REQUIRED ACTION: Word-for-word transcription: reproduce all of the data, but not the pictures.

RECORDED INFORMATION:
***

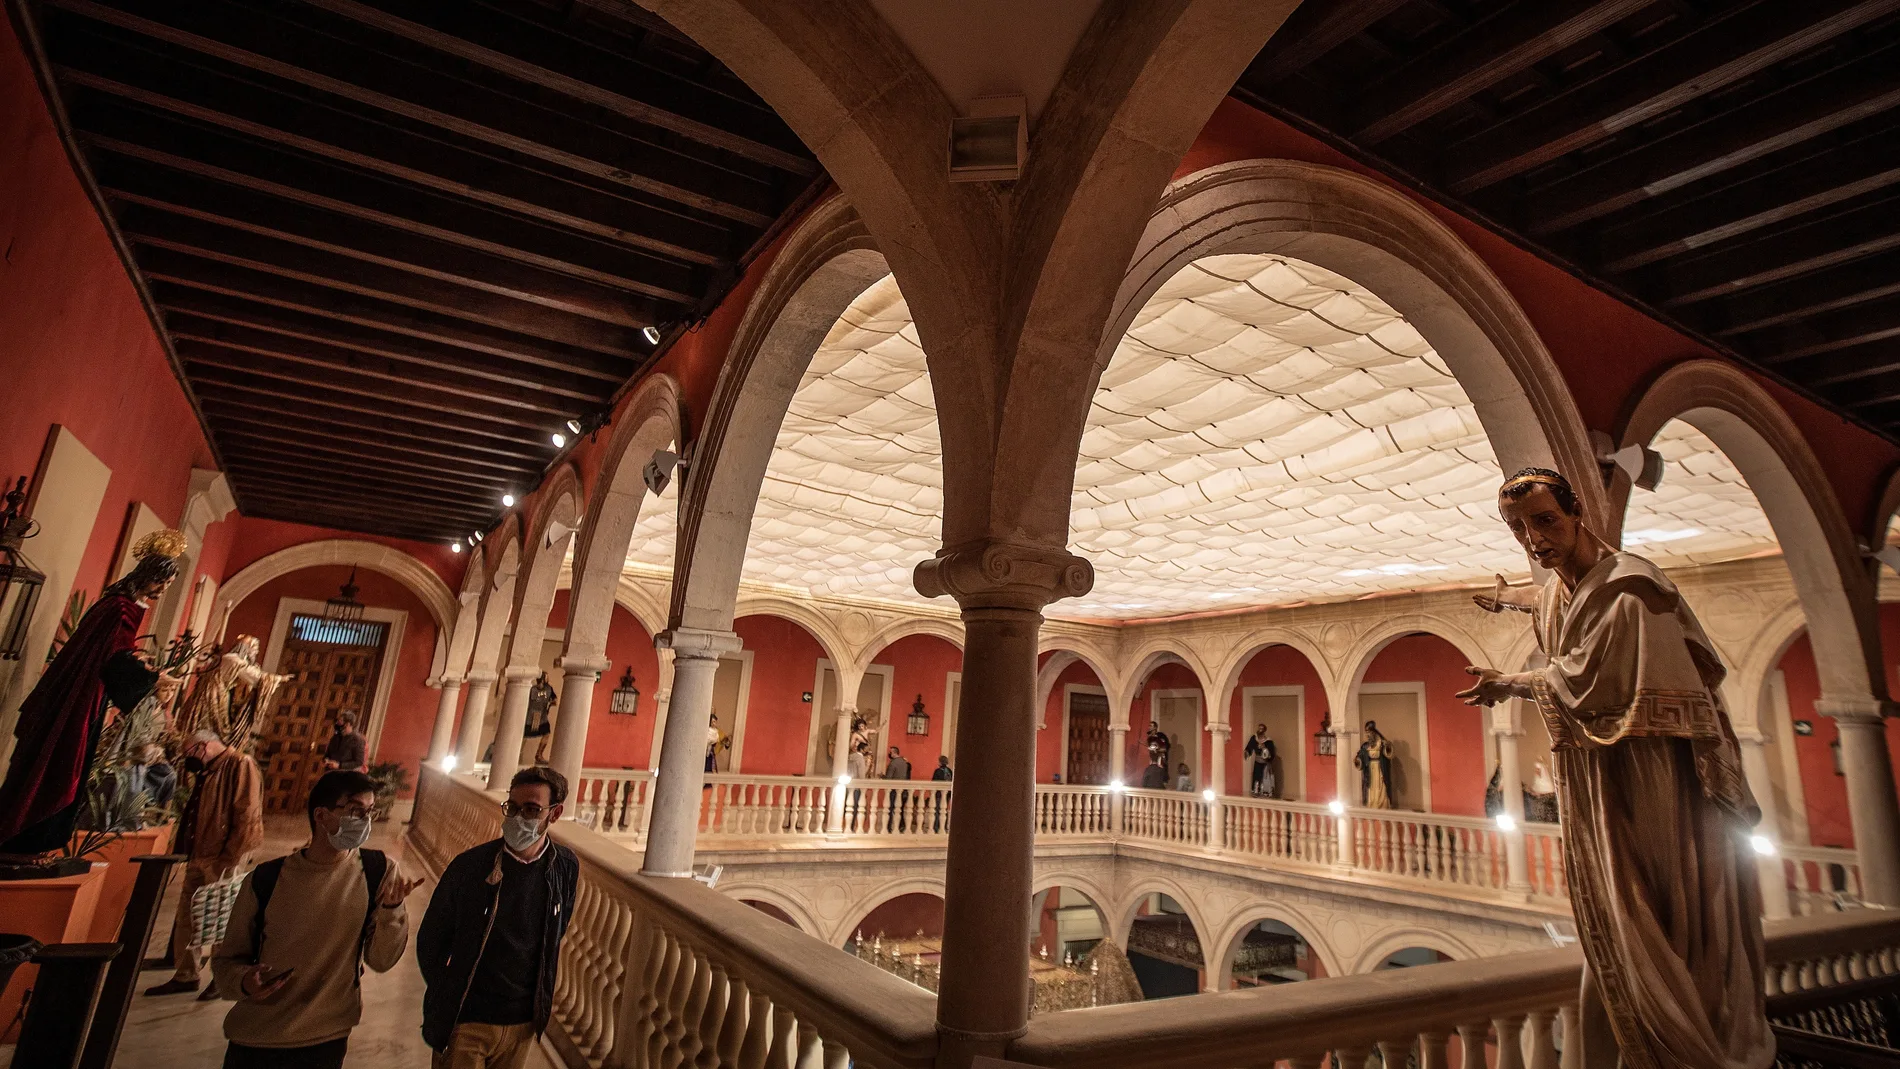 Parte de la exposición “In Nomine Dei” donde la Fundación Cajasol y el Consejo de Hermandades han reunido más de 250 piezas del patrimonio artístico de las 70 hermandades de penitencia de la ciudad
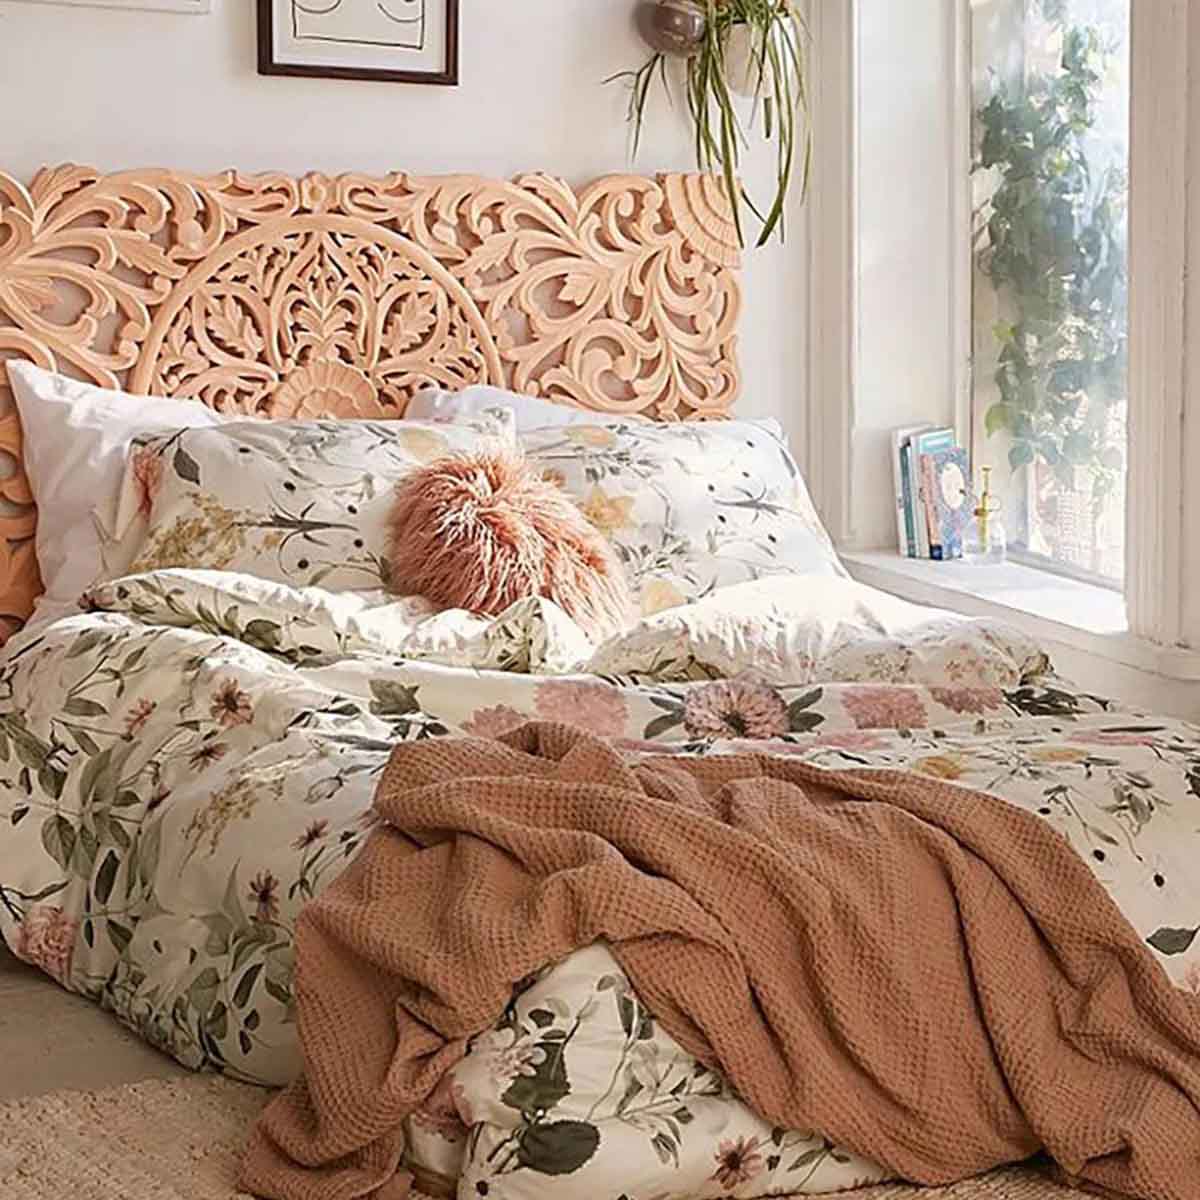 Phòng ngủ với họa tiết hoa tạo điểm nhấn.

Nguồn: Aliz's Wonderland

***

EXERCISE RESPONSE:
 Parte de la exposición “In Nomine Dei” donde la Fundación Cajasol y el Consejo de Hermandades han reunido más de 250 piezas del patrimonio artístico de las 70 hermandades de penitencia de la ciudad
 Phòng ngủ với họa tiết hoa tạo điểm nhấn.

Nguồn: Aliz's Wonderland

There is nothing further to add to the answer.